Notice that $push is available in $group stages but not in $project stage. This is because $group stages are designed to take a sequence of documents and accumulate values based on that stream of documents.
$project on the other hand, works with one document at a time. So, we can calculate an average on an array within an individual document inside a project stage. But doing something like this where one at a time, we're seeing documents and for every document, it passes through the group stage pushing on a new value, well that's something that the $project stage is just not designed to do. For that type of operation we want to use $group.

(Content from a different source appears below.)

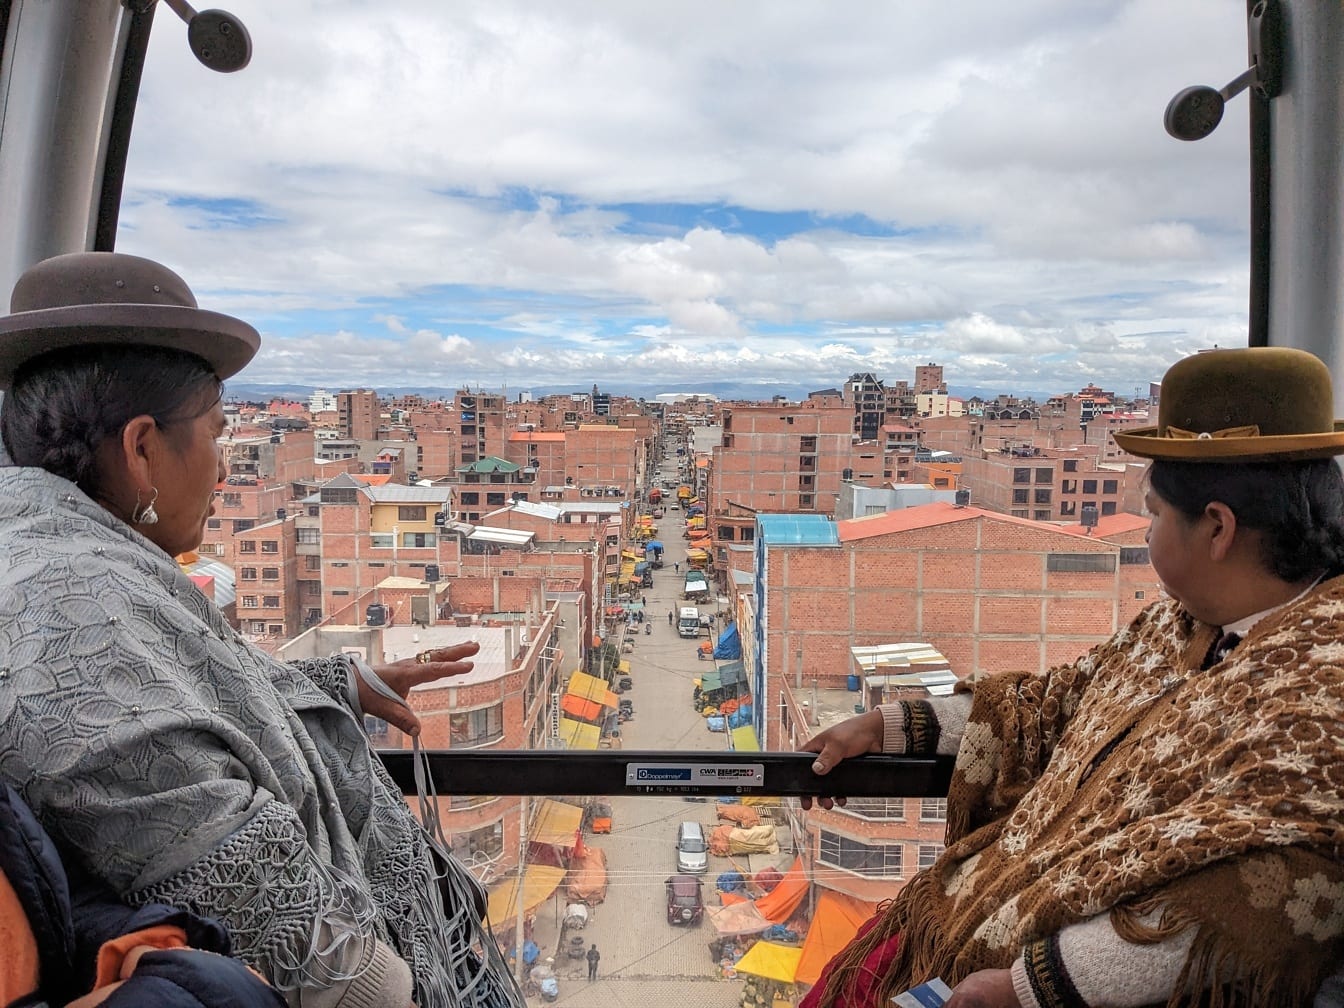 Δύο γυναίκες από τη Βολιβία ανεβαίνουν στο τελεφερίκ και έχουν θέα στην πόλη της Λα Παζ στη Βολιβία

Let's take a look at another example:
db.companies.aggregate([{
$match: {
funding_rounds: {
$exists: true,
$ne: []
}
}
}, {
$unwind: "$funding_rounds"
}, {
$sort: {
"funding_rounds.funded_year": 1,
"funding_rounds.funded_month": 1,
"funding_rounds.funded_day": 1
}
}, {
$group: {
_id: {
company: "$name"
},
first_round: {
$first: "$funding_rounds"
},
last_round: {
$last: "$funding_rounds"
},
num_rounds: {
$sum: 1
},
total_raised: {
$sum: "$funding_rounds.raised_amount"
}
}
}, {
$project: {
_id: 0,
company: "$_id.company",
first_round: {
amount: "$first_round.raised_amount",
article: "$first_round.source_url",
year: "$first_round.funded_year"
},
last_round: {
amount: "$last_round.raised_amount",
article: "$last_round.source_url",
year: "$last_round.funded_year"
},
num_rounds: 1,
total_raised: 1,
}
}, {
$sort: {
total_raised: -1
}
}]).pretty()
In the $group stage, we're using $first and $last accumulators. Right, again we can see that as with $push - we can't use $first and $last in project stages. Because again, project stages are not designed to accumulate values based on multiple documents. Rather they're designed to reshape documents one at a time. Total number of rounds is calculated using the $sum operator. The value 1 simply counts the number of documents passed through that group together with each document that matches or is grouped under a given _id value. The project may seem complex, but it's just making the output pretty. It's just that it's including num_rounds and total_raised from the previous document.